Task requirements: The answer is a stretch of the material below, returned exactly: the line containing "Cheetah Print Tween", the line containing "Sea Foam Green", and all lines between.

Exercise data:
_ _ _ _ _

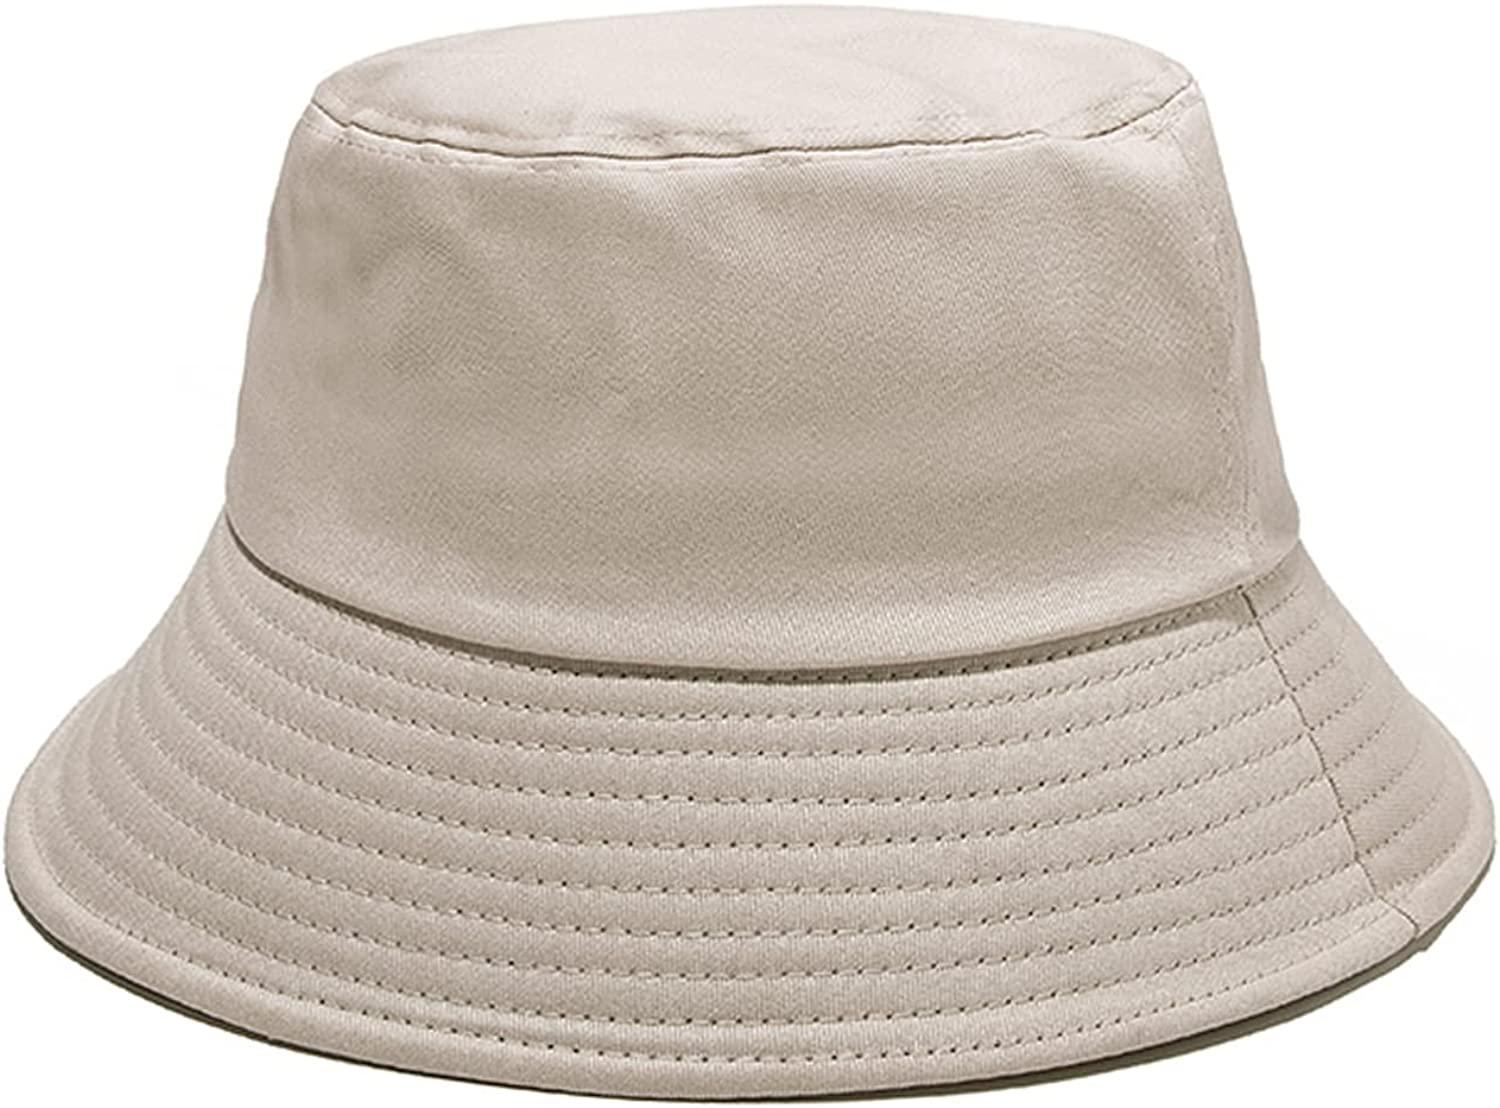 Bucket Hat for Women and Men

_ _ _ _ _

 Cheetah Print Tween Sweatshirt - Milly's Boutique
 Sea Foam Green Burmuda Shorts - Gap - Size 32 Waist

_ _ _ _ _

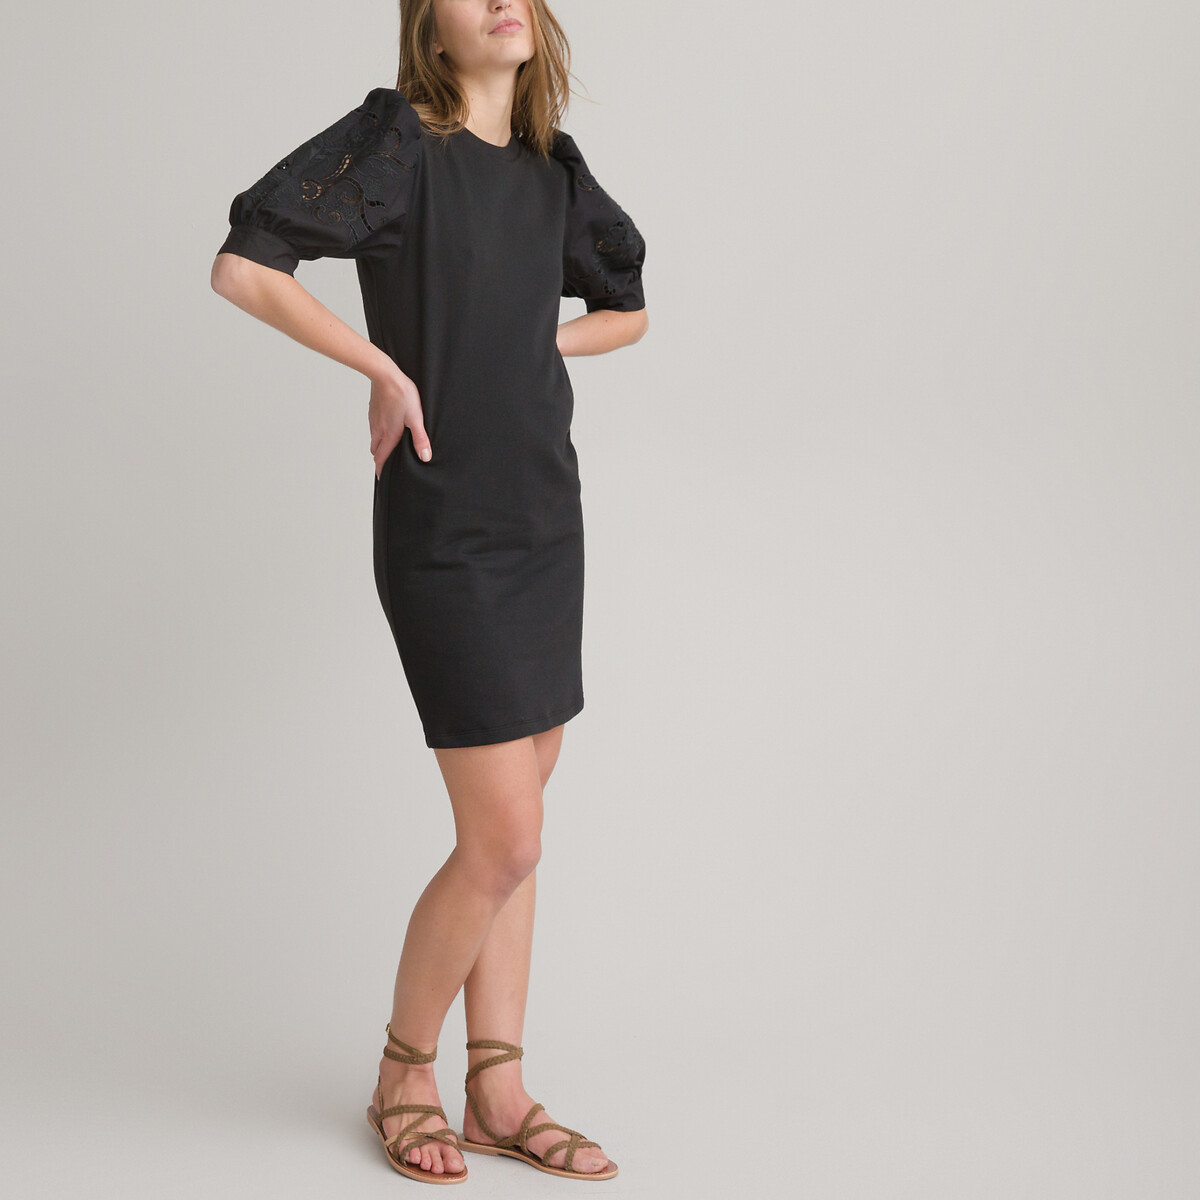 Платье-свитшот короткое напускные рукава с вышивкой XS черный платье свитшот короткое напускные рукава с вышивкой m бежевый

_ _ _ _ _

Result of this exercise:
 Cheetah Print Tween Sweatshirt - Milly's Boutique
 Sea Foam Green Burmuda Shorts - Gap - Size 32 Waist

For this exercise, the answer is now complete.